Toolboxes that implement optimization on manifold are discussed.
Performance comparison between deep geometric optimization methods is made.

Paper Content

Introduction

Increasing computing power has enabled deep neural networks to be successful in various tasks.
Deep learning models often contain many layers and parameters, which can be challenging to optimize.
Geometric optimization can reduce parameters and convert constrained optimization problems into unconstrained ones.
Geometric optimization has been applied to various deep neural networks, such as CNN, RNN and ViT.
This article reviews the theory and applications of geometric optimization in shallow and deep learning.
It also investigates representative manifold optimization toolboxes and compares performance of different geometric deep learning methods.

Geometric optimization theory

Optimization problems are used to find the maximum or minimum value of a cost function.
Conventional optimization methods can be used to solve unconstrained optimization problems.
Constrained optimization problems can be transformed into unconstrained problems using Lagrange multipliers or a barrier penalty function.
Geometric optimization methods are developed to exploit the underlying geometry of a cost function.
Geometric optimization methods use Riemannian optimizers to find an optimal solution.

Geometric optimization process on manifolds

Figure 3 shows the update process in geometric optimization
Each point on the manifold has a corresponding tangent space
The tangent space has an inner product which helps with vector metrics
A Riemannian gradient is a tangent vector on the tangent space
A geodesic is a locally shortest path between two points on the manifold
The geodesic defined by the negative Riemannian gradient reveals the next point in the optimization direction
Exponential mapping and retraction operation are used to map a point from the tangent space to the manifold

Gradient descent optimizers

Optimization problems can be abstracted as where θ are trainable parameters and E means the Euclidean space
There are a variety of standard optimizers for Equation (7)
Gradient descent is a basic optimization strategy
SGD can accelerate convergence
SGD-M is developed to maintain the inertia of the previous step
RMSProp can adaptively determine the learning rate of parameters
Gradient descent takes the form where λ is a hyper-parameter representing the step size
SGD uses random mini-batches of training data to update parameters
SGD-M exerts the influence of the last update on the current update
RMSProp considers the influence of the last update when calculating the upcoming update
Euclidean gradient descent can be transferred to Riemannian manifolds
Constraint SGD-M and constraint RMSProp are instances of generalizing gradient descent optimizers from Euclidean space to manifolds

Manifold examples

Different kinds of matrix manifolds have different geometry structures and advantages when applying geometric optimization to deep learning.
Oblique manifold is useful for dictionary learning due to its property of unit-norm columns.
Stiefel manifold helps optimize RNNs since matrices on the Stiefel manifold have orthogonal and uncorrelated columns.
Common manifold structures include Stiefel, oblique, Graßmann, product, quotient, SPD, sphere, and unitary.
SPD matrices are used for image and video statistical representations.
Stiefel manifold has an upper bound which allows it to achieve an optimal solution.
Oblique manifold is the set of matrices with unit-norm columns.
Graßmann manifold is different from Stiefel manifold, representing an entire subspace.
Unitary matrices are the extension of orthogonal matrices to the complex domain.
Lie groups are real or complex manifolds with group structure.

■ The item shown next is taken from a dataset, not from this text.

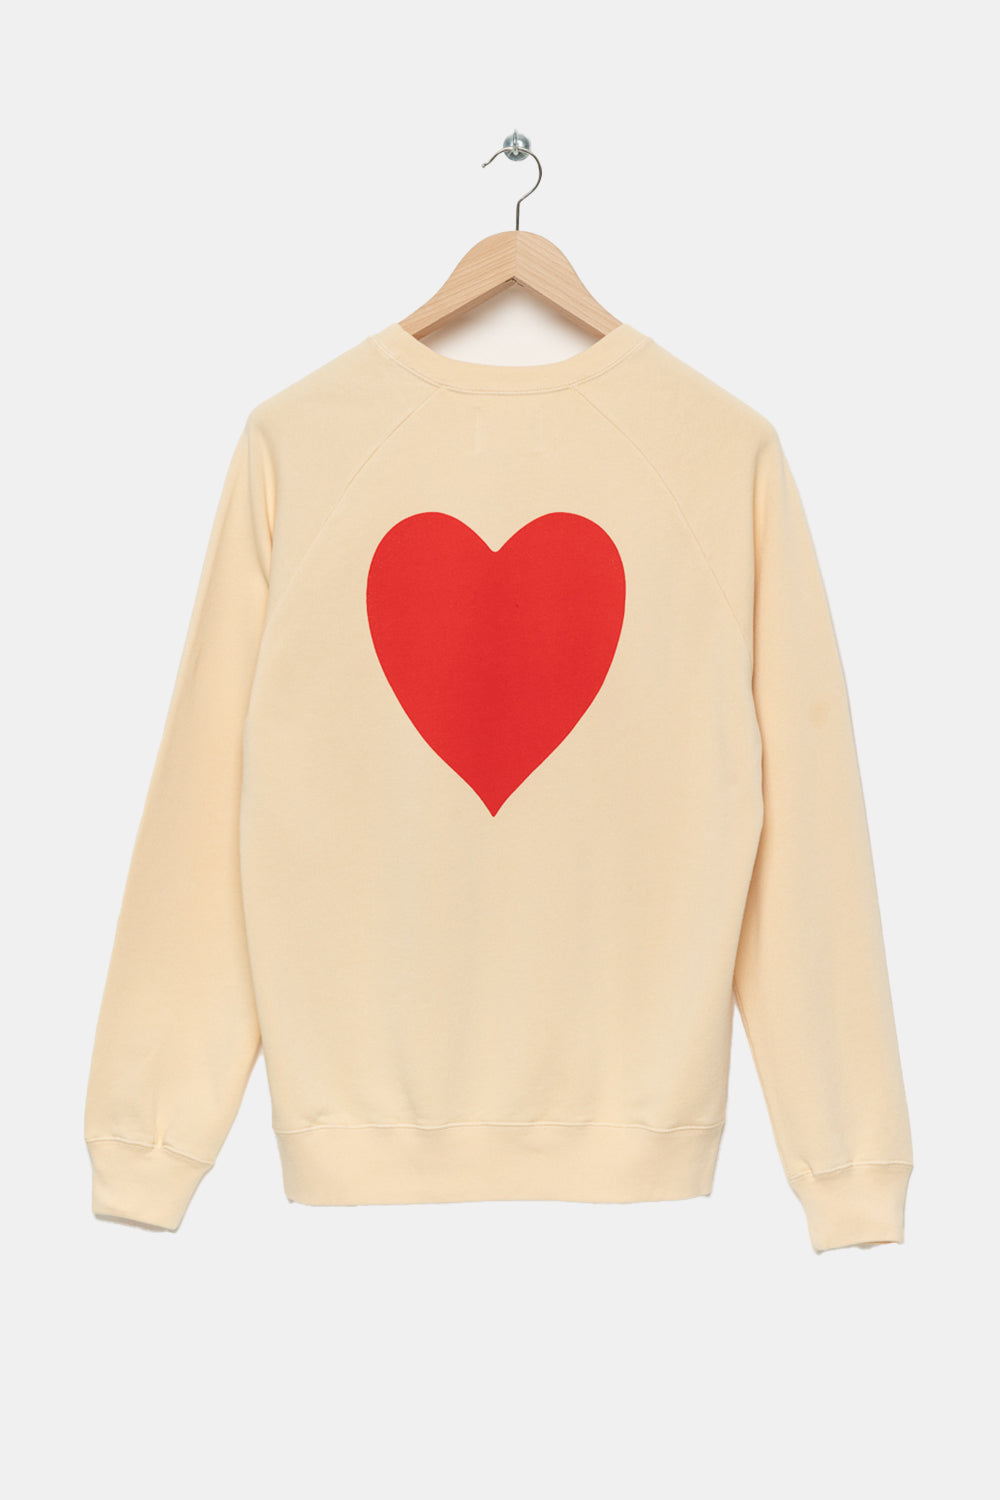 La Paz Cunha Sweatshirt (Hearts Ecru)

Applications in classical machine learning

Classical machine learning methods have been successful in solving AI problems.
Solving large categories of constrained classical machine learning problems in Euclidean space is difficult.
Geometric optimization can decrease the difficulty by treating constrained problems as unconstrained ones on Riemannian manifolds.

Dimension reduction

Dimension reduction (DR) is a process of finding a lower-dimensional representation of given data samples.
DR approaches can use linear or nonlinear transformations.
A generic algorithmic framework to find an optimal solution involves a maximization problem.
Solutions of the maximization problem are rotation invariant.
Most linear DR methods begin with solving tr(V T AV ) while nonlinear DR methods construct a graph by connecting nearby points.

Inverse problem

Inverse problems have a significant impact on practical applications.
Inverse problems involve reconstructing inputs from outputs.
Solutions to inverse problems can be achieved by confining the parameter matrix W to reside on a smooth Riemannian manifold.

Dictionary learning

Dictionary learning is used to obtain the most essential features of input data.
X is expanded into a linear combination of D1, …, Dn.
Dictionary learning aims to learn a D that makes the coefficients Φ be zero or close to zero.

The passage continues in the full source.